Pakistan has moved to secure additional liquefied natural gas (LNG) supplies from the international spot market as disruptions linked to tensions around the Strait of Hormuz continue to impact regional energy flows.
Pakistan LNG Limited (PLL), a state-owned LNG procurement company, has issued a tender seeking one LNG cargo for delivery on June 6-7 at Port Qasim, Karachi, according to a notice released on Tuesday.
The tender comes at a time when global energy markets remain on edge over the security of shipping routes through the Strait of Hormuz, a critical transit point for a significant share of the world’s LNG and oil trade. Market reports indicate that while some LNG shipments from Qatar have continued to reach Pakistan, volumes moving through the region remain below normal levels amid ongoing uncertainty surrounding maritime traffic and energy supply chains.

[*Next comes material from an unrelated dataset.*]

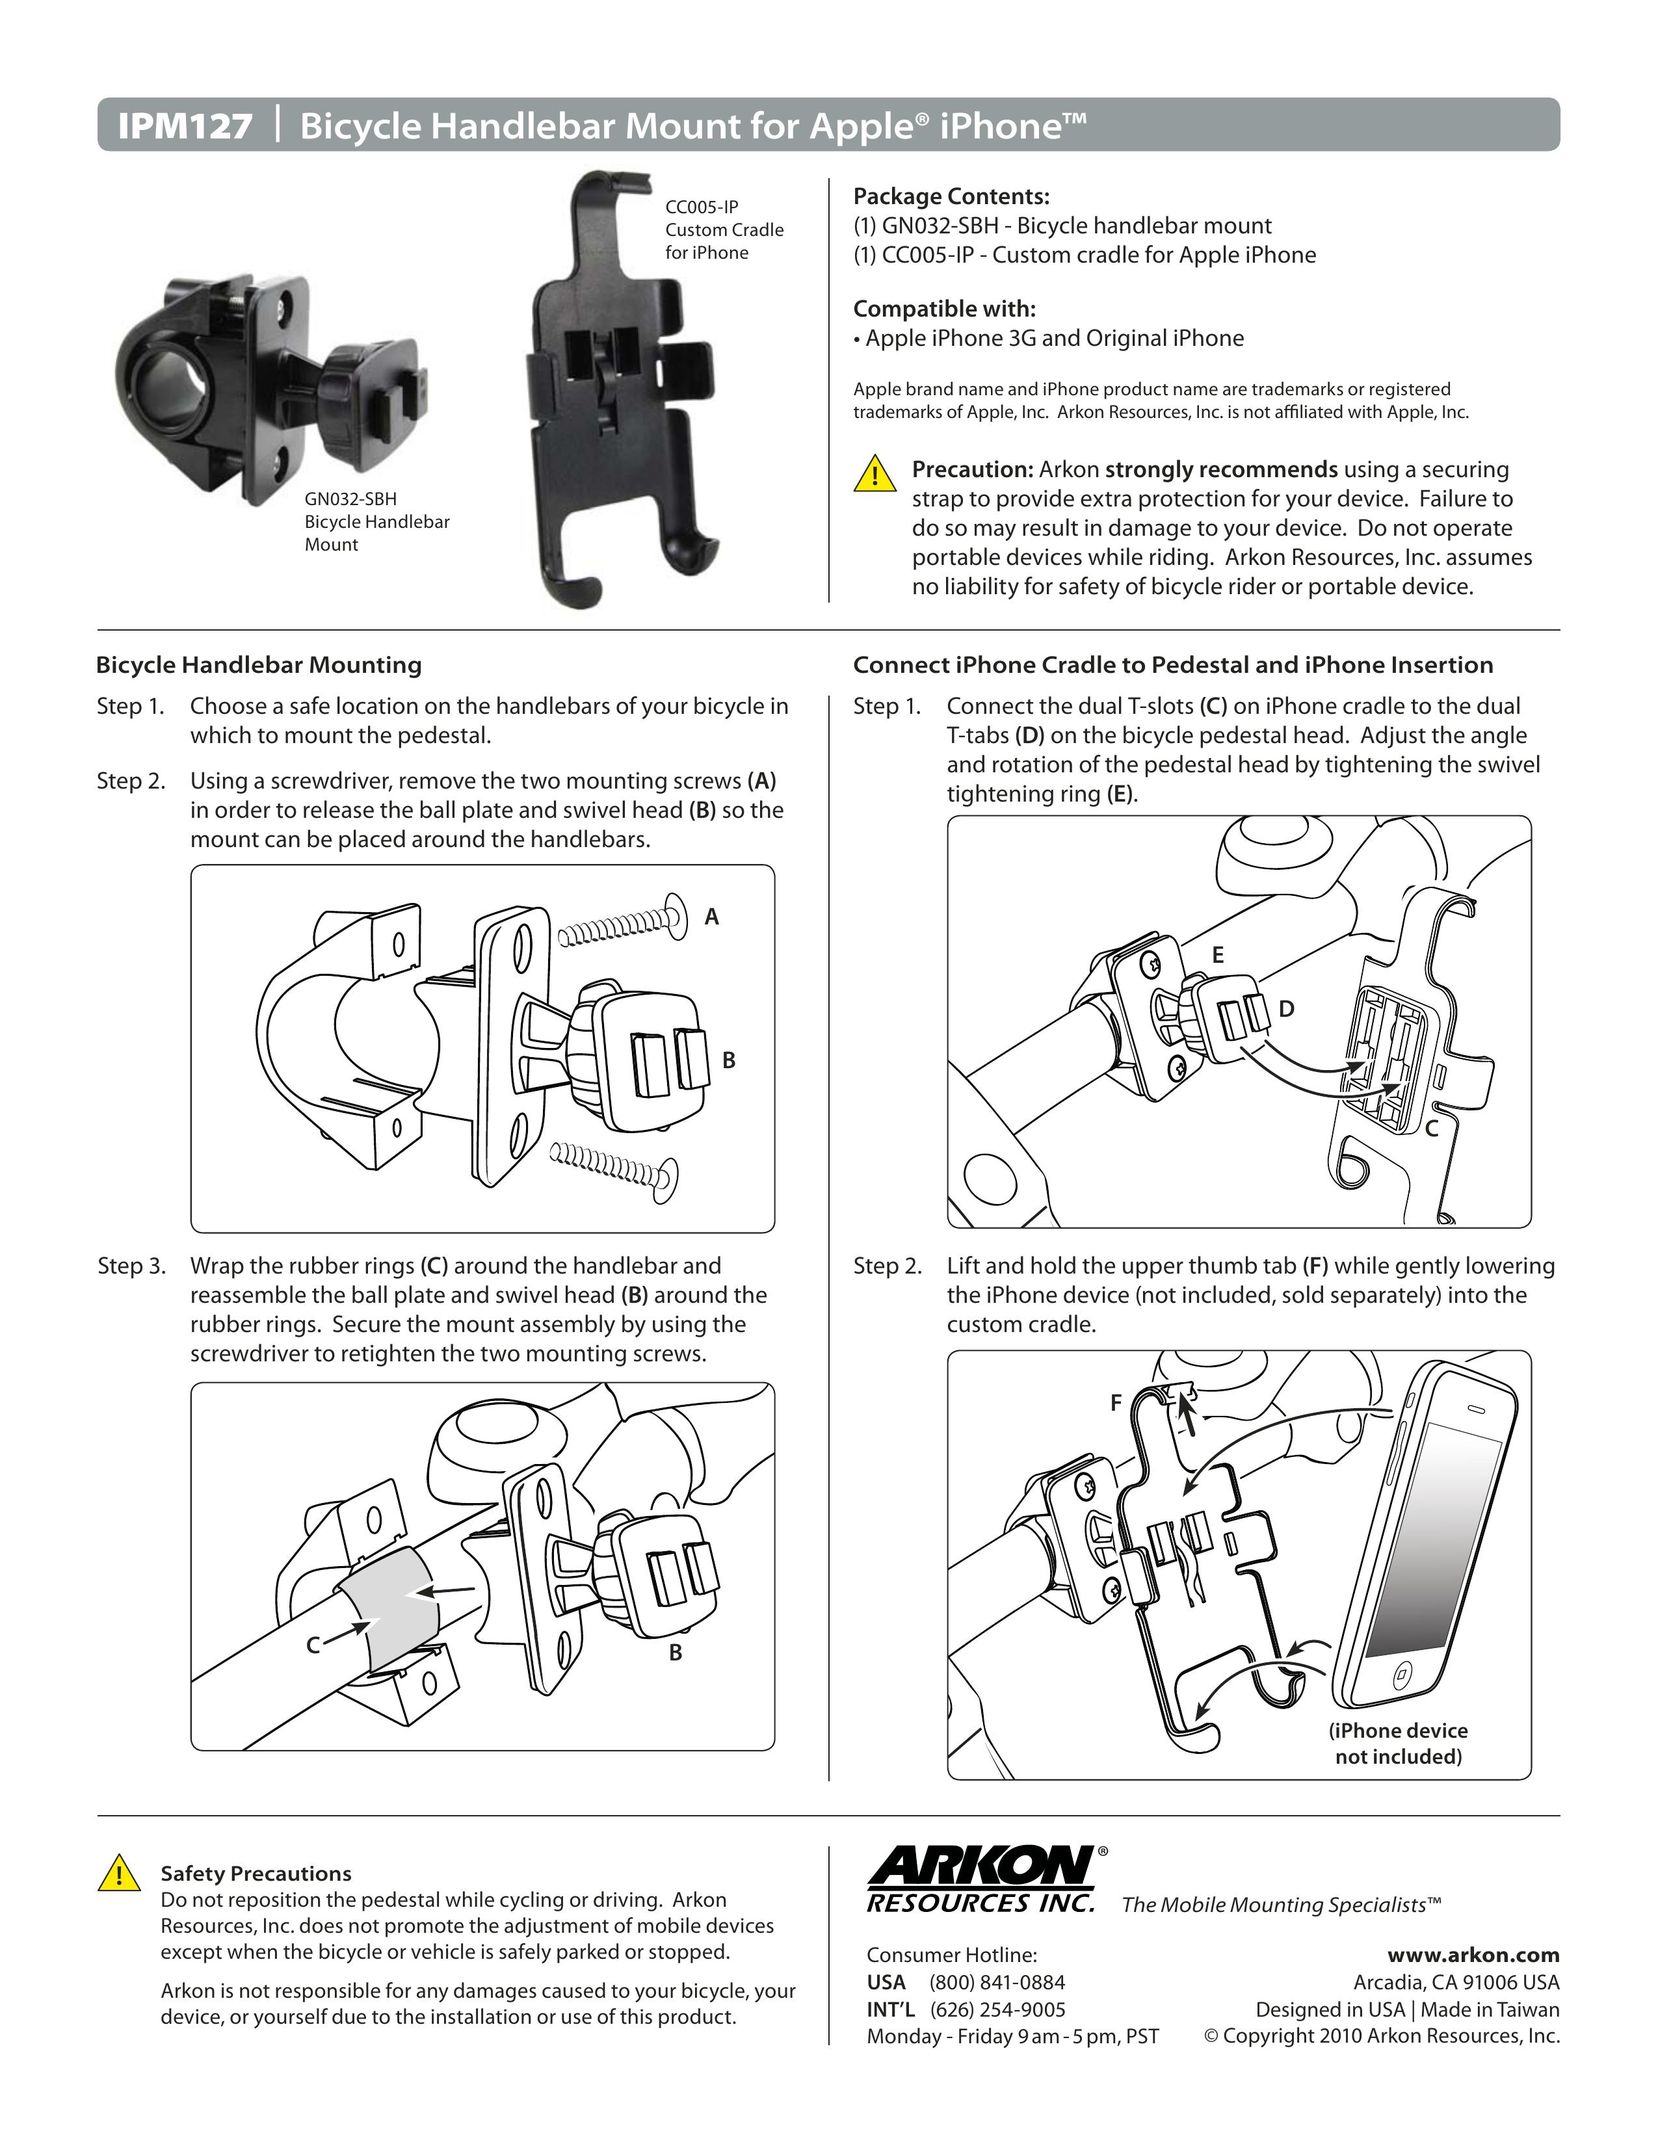 Black & Decker IPM127 Bicycle Accessories User Manual (Page 1)

The latest tender highlights Pakistan’s efforts to ensure uninterrupted gas supplies during a period of heightened market volatility. LNG remains a key component of the country’s energy mix, supporting power generation, industrial activity, and domestic gas demand.
The cargo sought by PLL carries a volume of approximately 140,000 cubic meters, with delivery required within days, underscoring the urgency of the procurement.
Pakistan has increasingly relied on spot purchases and short-term procurement strategies in recent years to manage fluctuations in domestic gas production and seasonal demand patterns. However, geopolitical tensions and global market disruptions can make such purchases more challenging and potentially more expensive.